- _WORK REQUIRED_:
When you reach a picture, skip it, and retype every line below exactly.

- _SOURCE MATERIAL_:
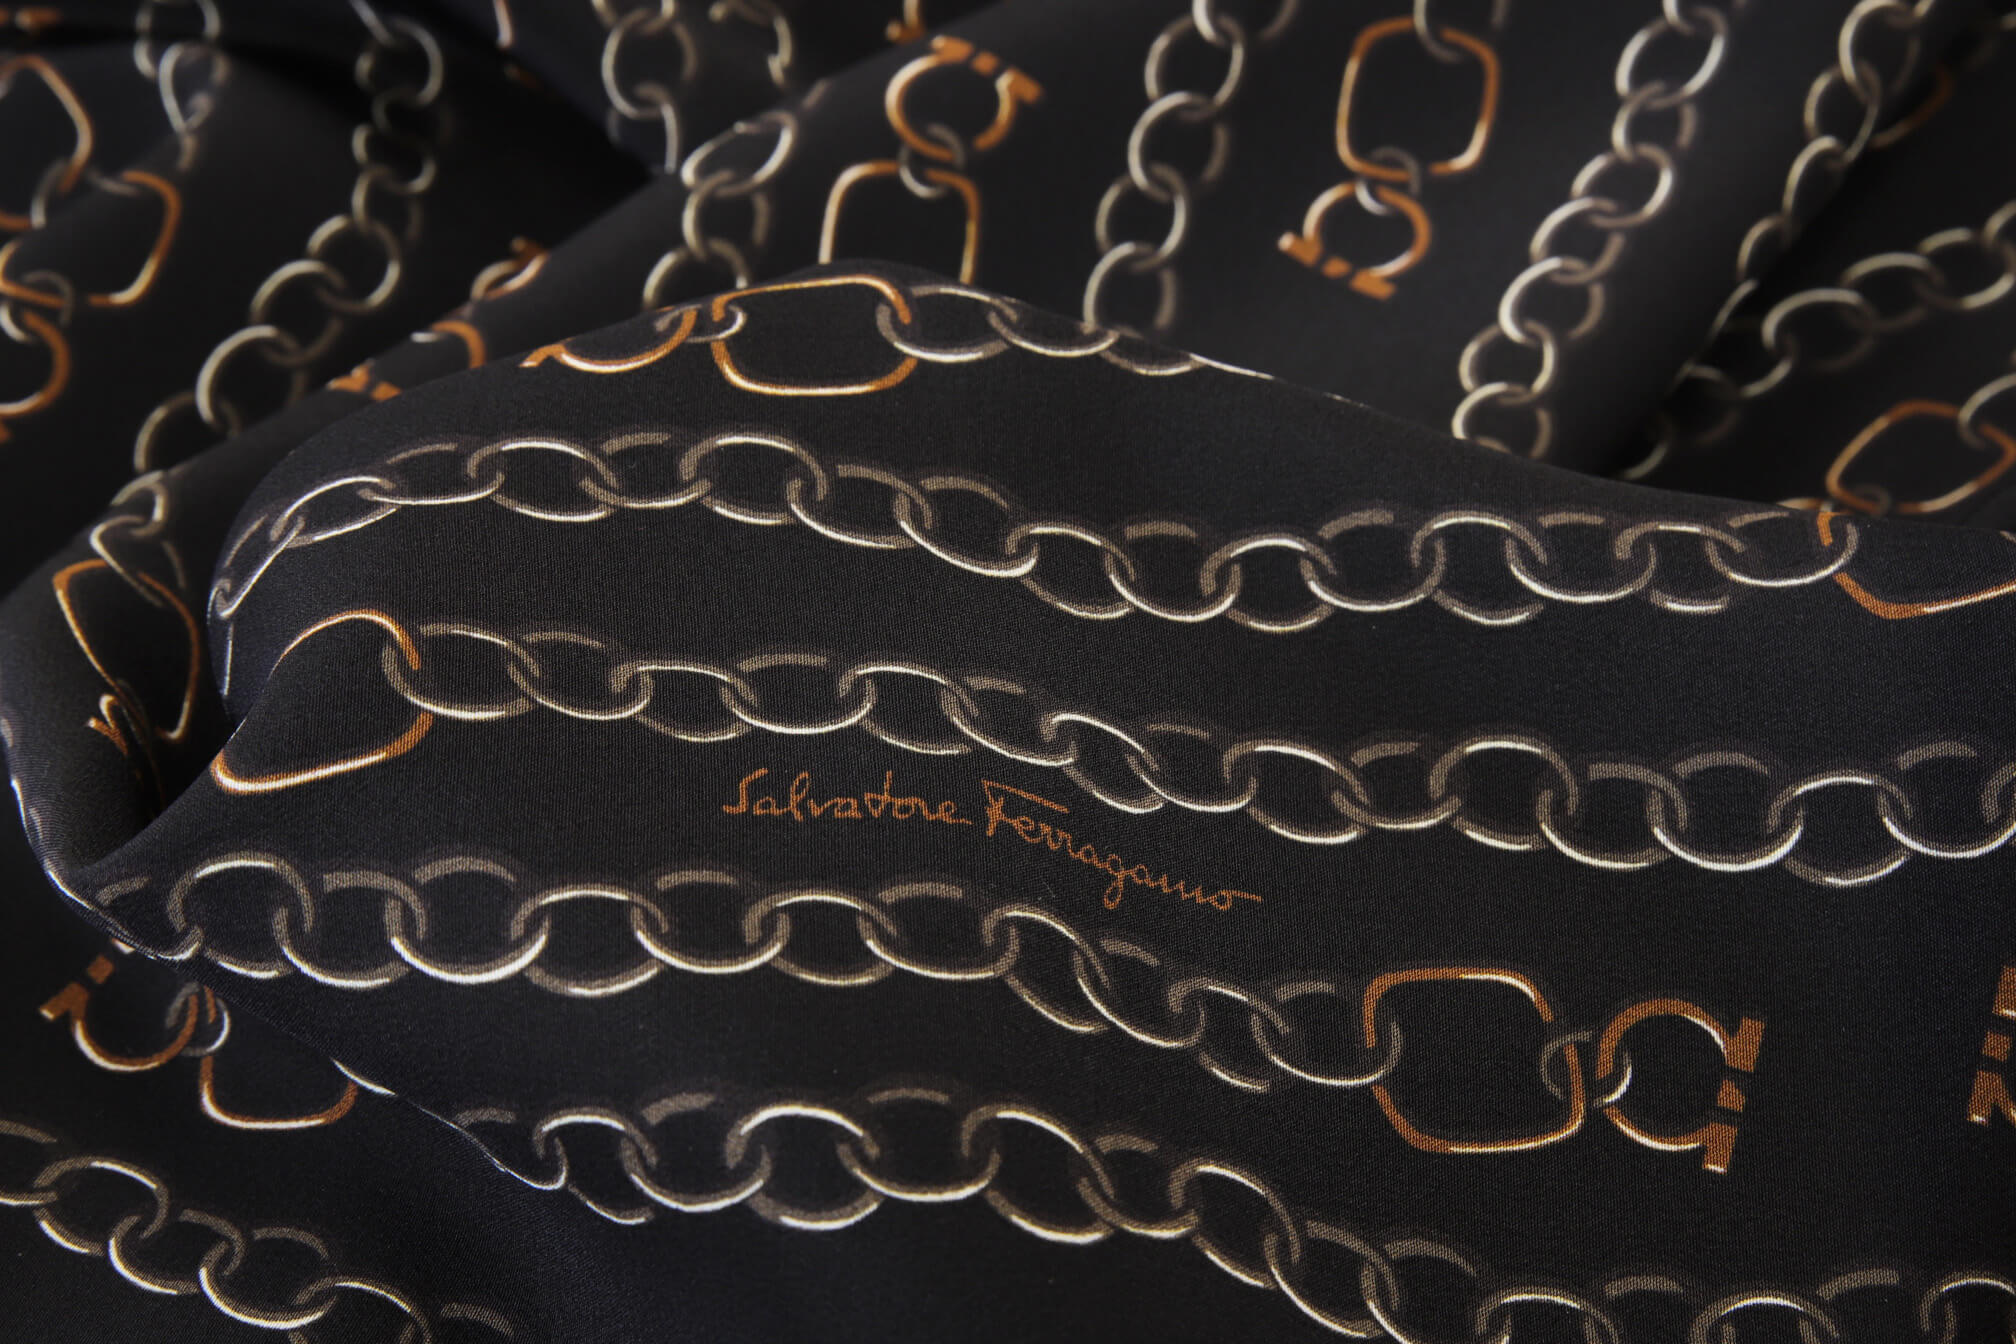 Шелковый крепдешин Salvatore Ferragamo, цвет Черный, фото 1
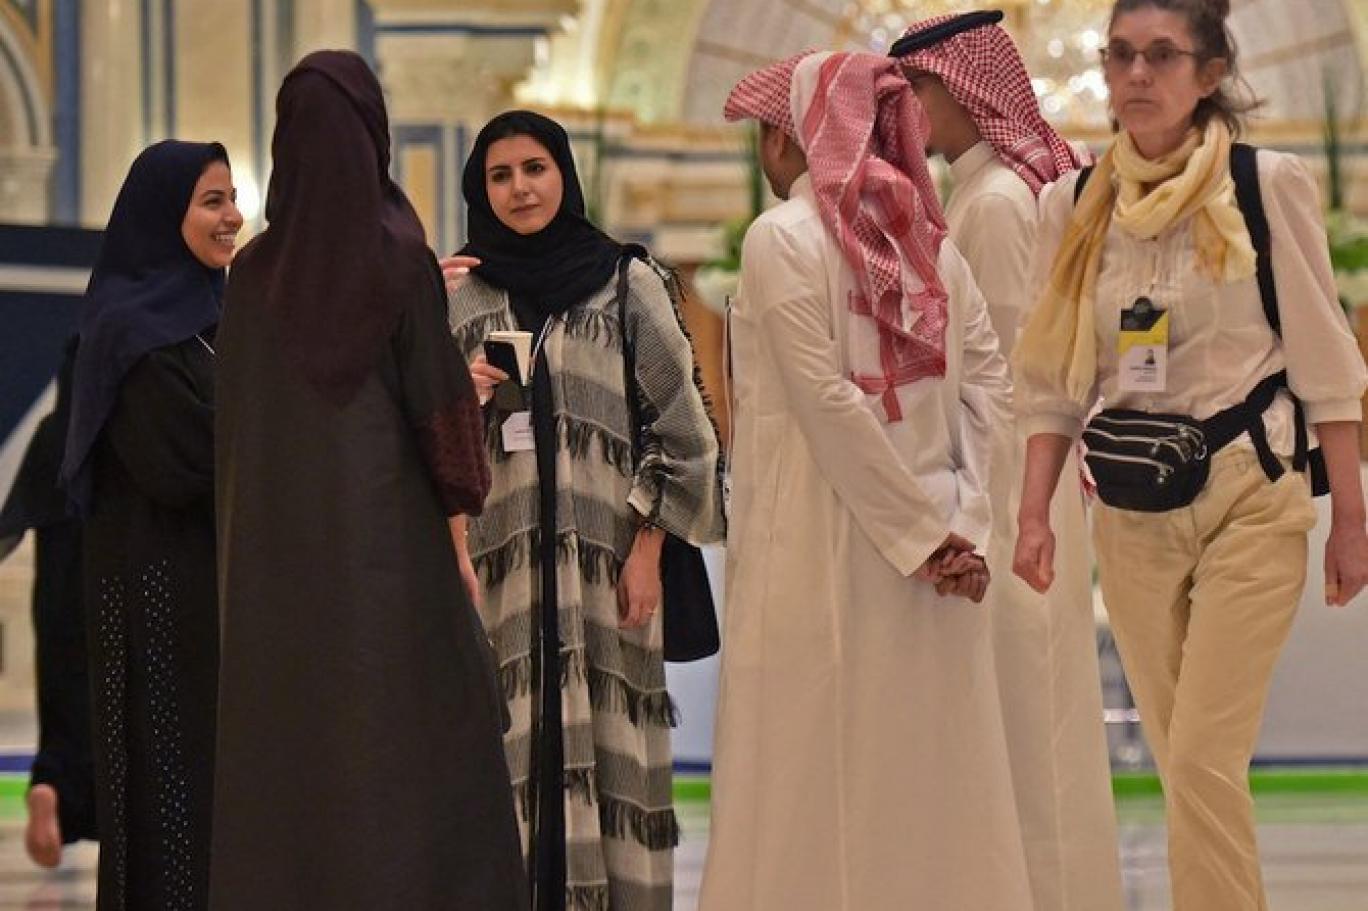 شهد السعودية تغييراً واسعاً على المستوى الاجتماعي خلال السنوات الماضية (أ ف ب)
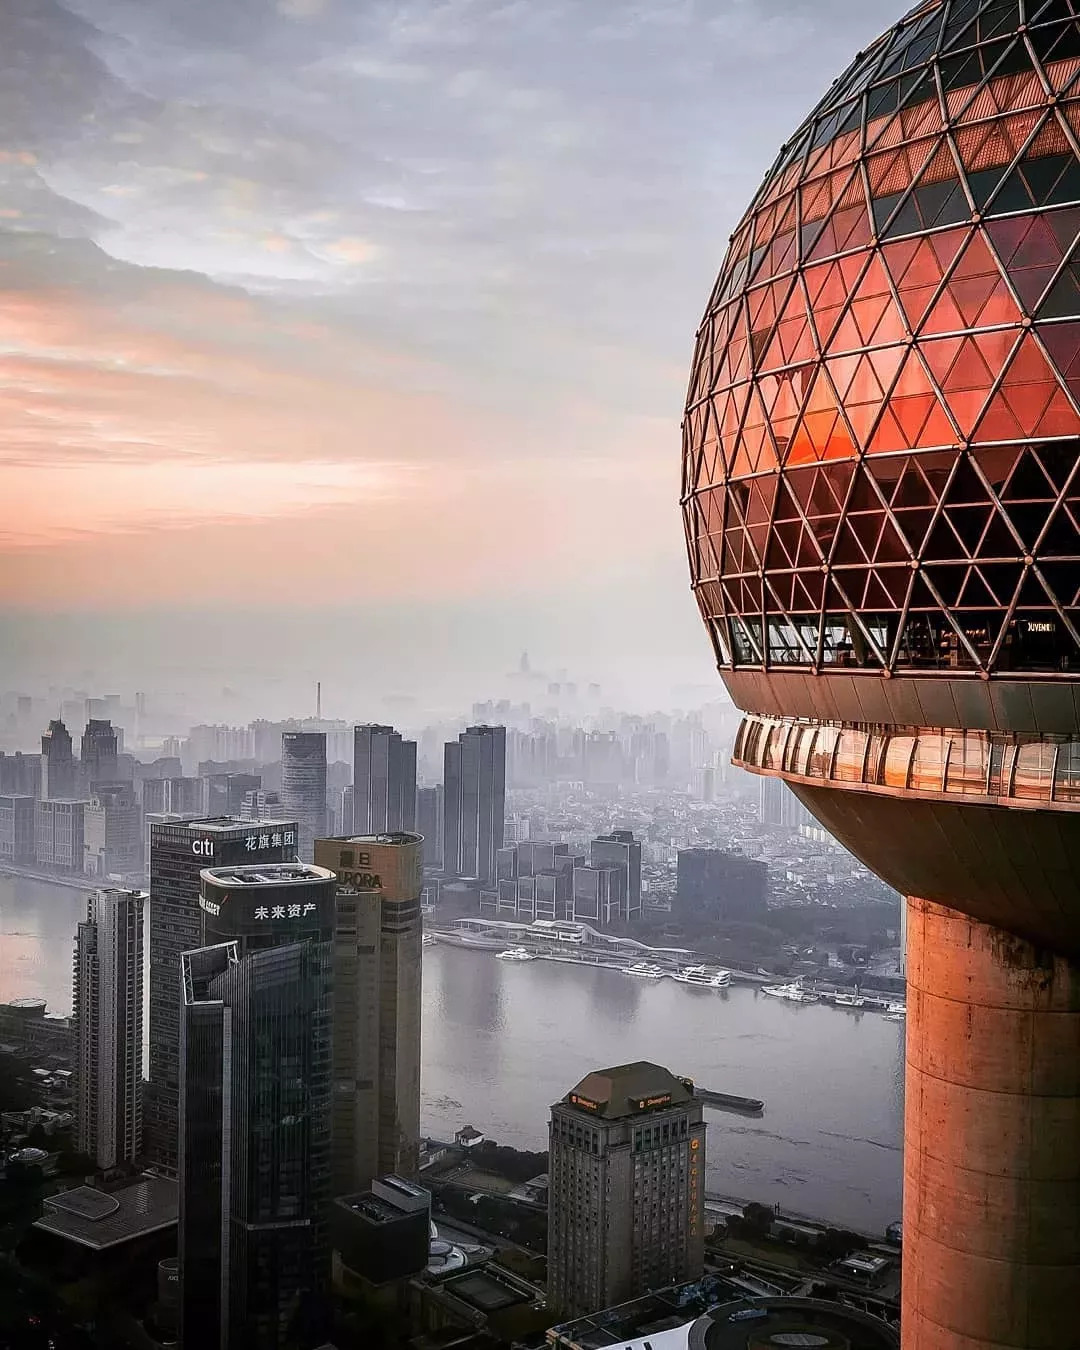 德国摄影师航拍的上海在INS爆红,网友大赞:这

- _OUTPUT_:
 Шелковый крепдешин Salvatore Ferragamo, цвет Черный, фото 1
 شهد السعودية تغييراً واسعاً على المستوى الاجتماعي خلال السنوات الماضية (أ ف ب)
 德国摄影师航拍的上海在INS爆红,网友大赞:这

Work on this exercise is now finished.